The fact that Samsung continues to upgrade and invest in Austin is great for the city and the country, too, says Dave Porter, senior vice president of economic development at the Greater Austin Chamber of Commerce. “Their chips go into many of the consumer products we use, so the fact that they are investing indicates that they see consumer spending,” he says. That’s a good sign for the economy as a whole, Porter says.
In 2006, with a $10.8-million grant from the state’s Texas Enterprise Fund and a total of $233 million in government incentives to grow its chip fabrication facilities, the company began the first expansion of the Austin campus. The city of Austin provided a 20-year incentive package, Porter says. In the first 10 years, to receive a 100% tax rebate, Samsung had to invest $2.5 billion and add 700 jobs. Leffingwell said Samsung met that requirement two years early in December 2008.
“Anything after ’08 is gravy,” Porter says.
Porter commends local government for extending the incentive to 20 years; typically, such an incentive is offered as a 10-year package. “These projects come around once in a lifetime. If someone else wants to spend $10 billion on a project, that 20-year incentive should be encouraged,” Porter says.
In 2007, while Samsung was building the first phase of the 1.538-million-sq-ft Fab 2—which used 12-in. silicon wafers to manufacture memory chips it will continue to produce—it included a 118,000-sq-ft clean room, Cryer says.

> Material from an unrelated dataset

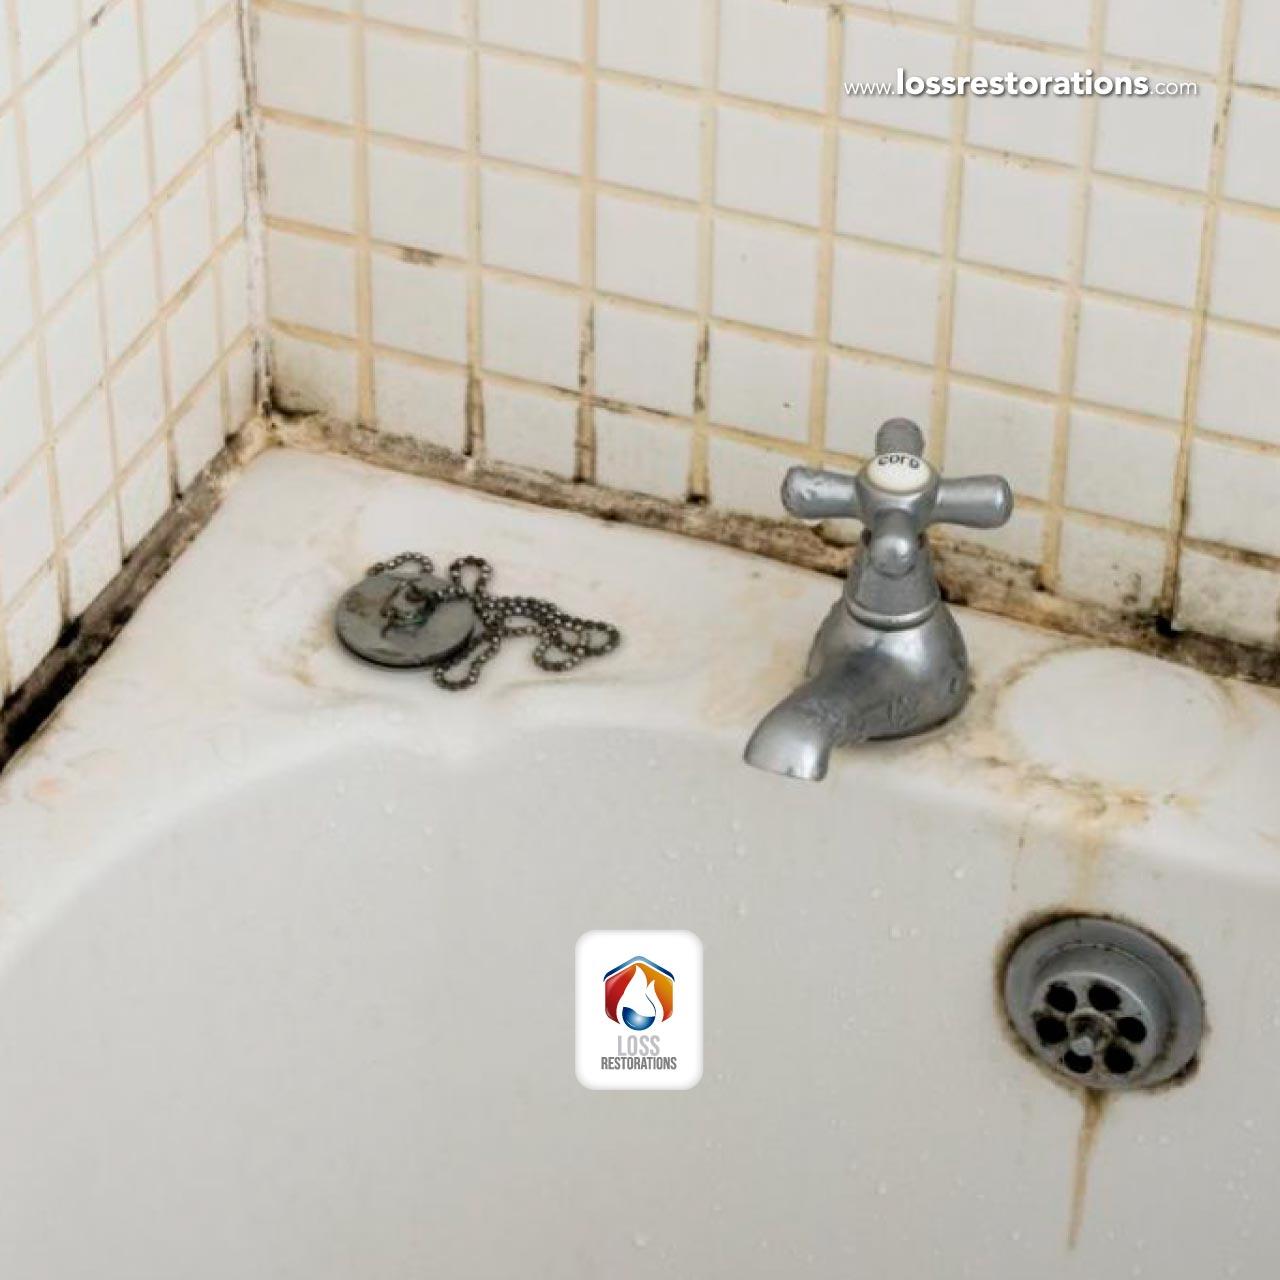 Pasos para reparar paredes y pisos en salas de baño a causa de la humedad
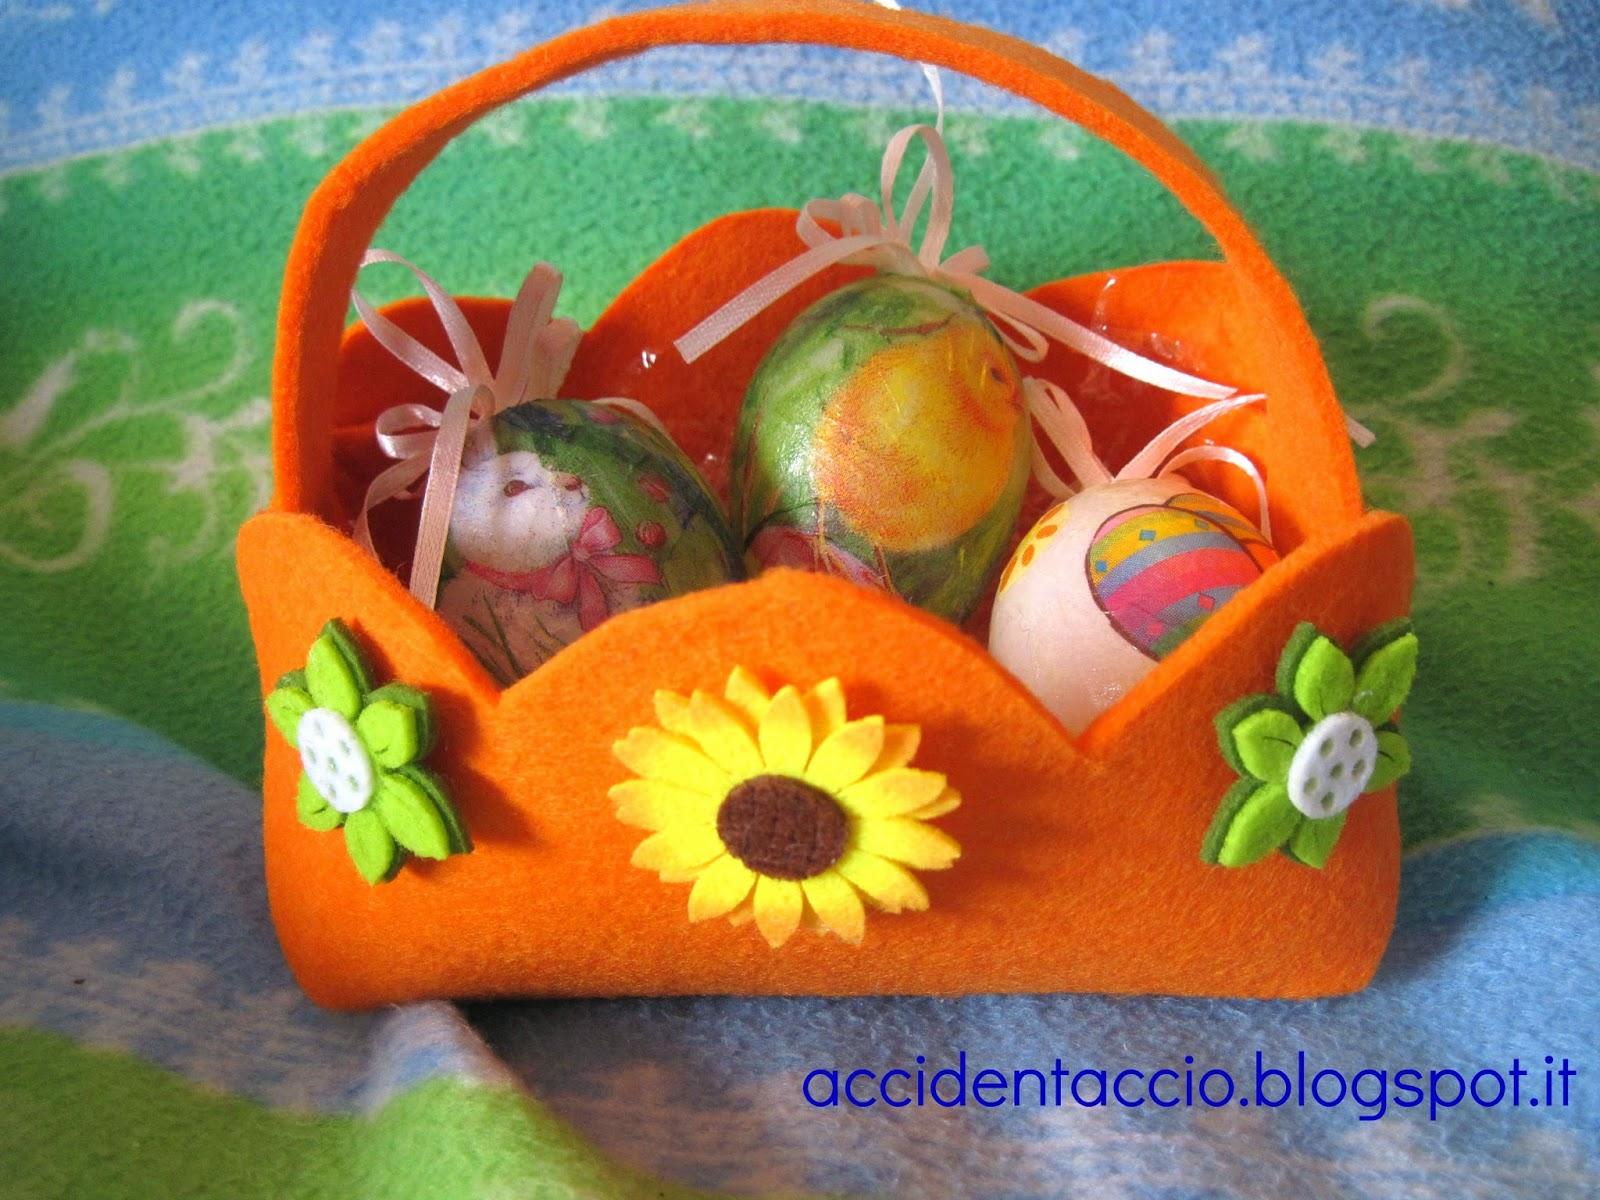 Decorazioni per pasqua cestino porta uova in feltro - Decorazioni per uova di pasqua ...

What was left unfinished, he says, is a 182,000-sq-ft space for a second clean room. “That is what we will be building out over the next several months,” Cryer adds.
The original 8-in. Fab 1 was closed in 2009 and converted to run “copper interconnects” as part of the new Fab 2, Cryer says.
The decision to add capacity to the Austin plant was based on the company’s long-term business requirements, Cryer says. The abatements with the city, county and the local independent school district will continue forward with the new investment, he says. “There should be no problems meeting our requirements under those agreements,” he adds.